Whenever we (or many other SEOs we've talked to) conduct tests of page or link features in (hopefully) controlled environments on the web, we/they find that links higher up in the HTML code of a page seem to pass more ranking ability/value than those lower down. This certainly fits with the recently granted Google patent application - Ranking Documents Based on User Behavior and/or Feature Data, which suggested a number of items that may considered in the way that link metrics are passed.
Those who've leveraged testing environments also often struggle against the power of the "higher link wins" phenomenon, and it can take a surprising amount of on-page optimization to overcome the power the higher link carries.
There's little surprise here, but if you recall, the original PageRank concept makes no mention of external vs. internal links counting differently. It's quite likely that other, more recently created metrics (post-1997) do reward external links over internal links. You can see this in the correlation data from our post a few weeks back noting that external mozRank (the "PageRank" sent from external pages) had a much higher correlation with rankings than standard mozRank (PageRank):
I don't think it's a stretch to imagine Google separately calculating/parsing out external PageRank vs. Internal PageRank and potentially using them in different ways for page valuation in the rankings.
Speaking of correlation data, no single, simple metric is better correlated with rankings in Google's results than the number of unique domains containing an external link to a given page. This strongly suggests that a diversity component is at play in the ranking systems and that it's better to have 50 links from 50 different domains than to have 500 more links from a site that already links to you. Curiously again, the original PageRank algorithm makes no provision for this, which could be one reason sitewide links from domains with many high-PageRank pages worked so well in those early years after Google's launch.
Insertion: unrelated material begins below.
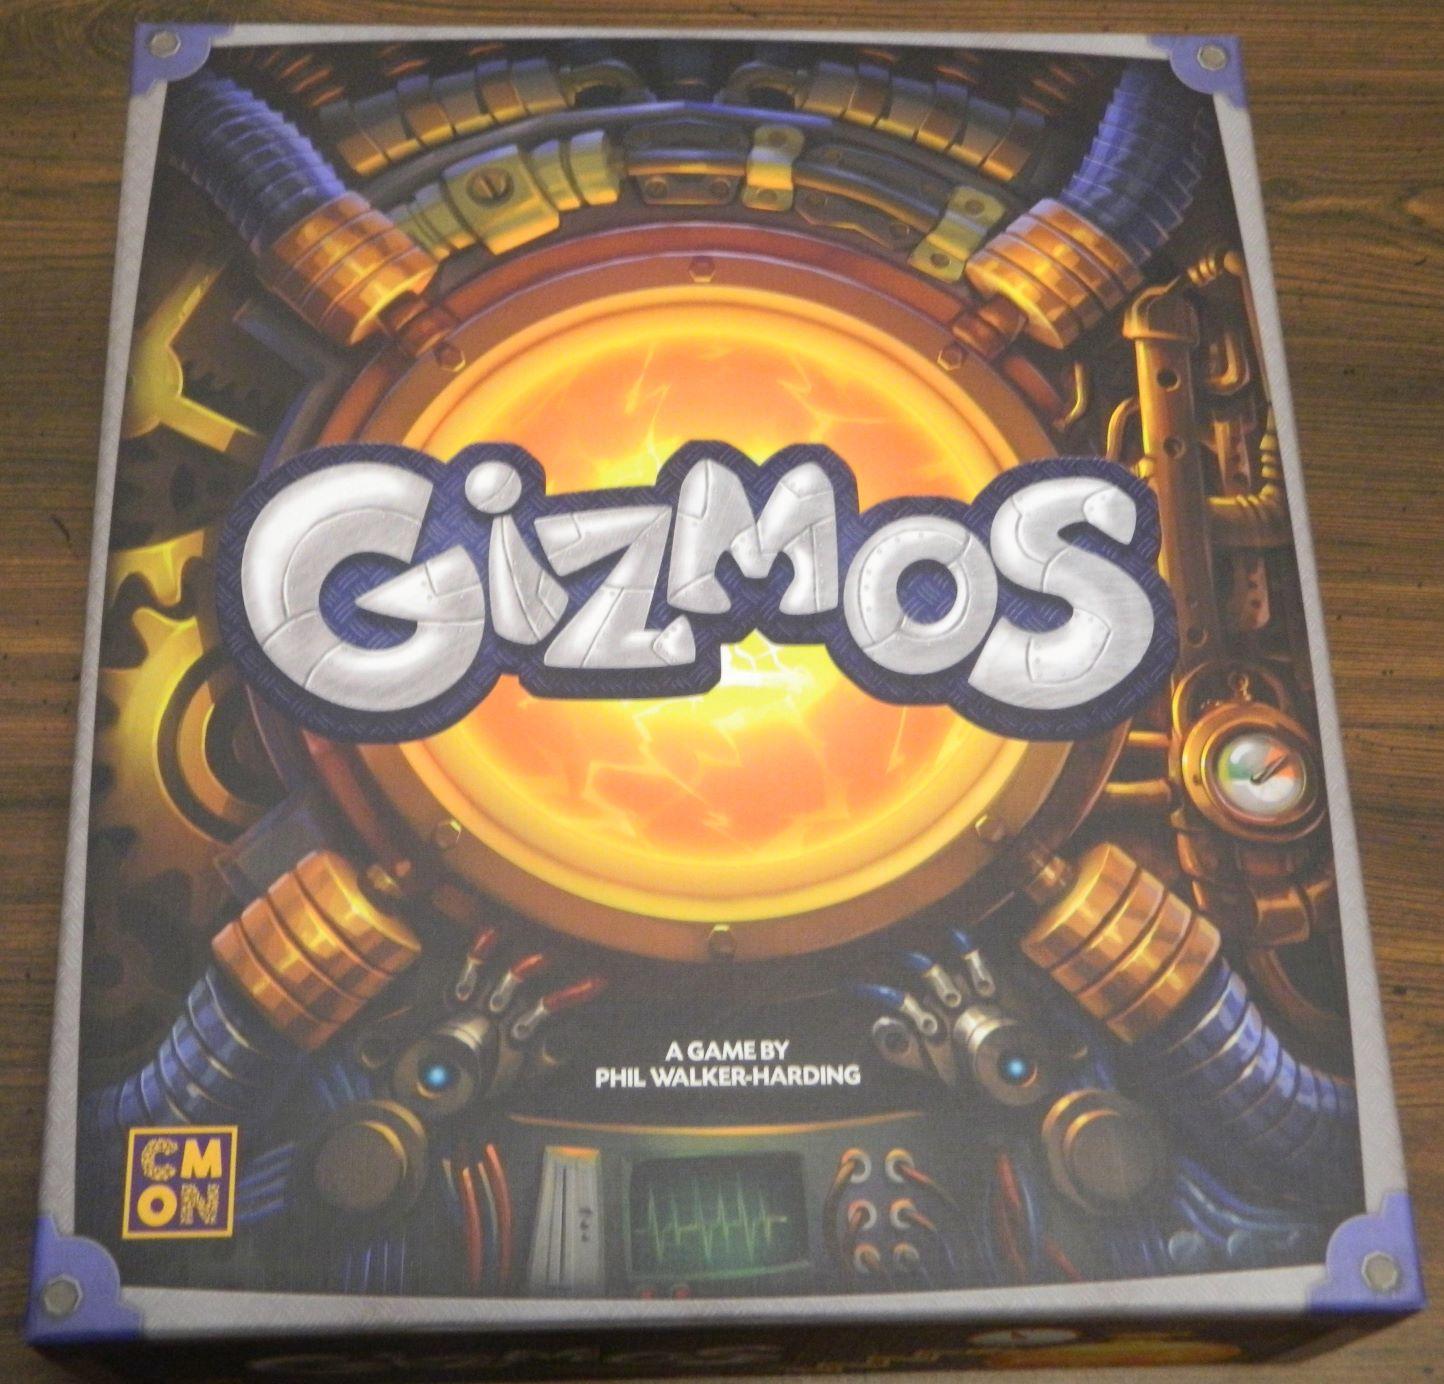 Box for Gizmos

We've talked previously about TrustRankon SEOmoz and have generally reference the Yahoo! research paper - Combating Webspam with TrustRank. However, Google's certainly done plenty on this front as well (as Bill covers here) and this patent application on selecting trusted seed sites certainly speaks to the ongoing need and value of this methodology. Linkscape's own mozTrust score functions in precisely this way, using a PageRank-like algorithm that's biased to only flow link juice from trusted seed sites rather than equally from across the web.
Papers like Microsoft's VIPS (Vision Based Page Segmentation), Google's Document Ranking Based on Semantic Distance, and the recent Reasonable Surfer stuff all suggest that valuing links from content more highly than those in sidebars or footers can have net positive impacts on avoiding spam and manipulation. As webmasters and SEOs, we can certainly attest to the fact that a lot of paid links exist in these sections of sites and that getting non-natural links from inside content is much more difficult.
This one isn't covered in any papers or patents (to my knowledge), but our testing has shown (and testing from others supports) that anchor text carried through HTML is somehow more potent or valued than that from alt attributes in image links. That's not to say we should run out and ditch image links, badges or the alt attributes they carry. It's just good to be aware that Google seems to have this bias (perhaps it will be temporary).
We've likely all experienced the sinking feeling of seeing a competitor with fewer and what appear to be links from less powerful pages outranking us. This may be somewhat explained by the value of a domain to pass along value via a link that may not be fully reflected in page-level metrics. It can also help search engines to combat spam and provide more trusted results in general. If links from sites that rarely link to junk pass significantly more than those whose link practices and impact on the web overall may be questionable, they can much better control quality.
NOTE: Having trouble digging up the papers/patents on this one; I'll try to revisit and find them tomorrow.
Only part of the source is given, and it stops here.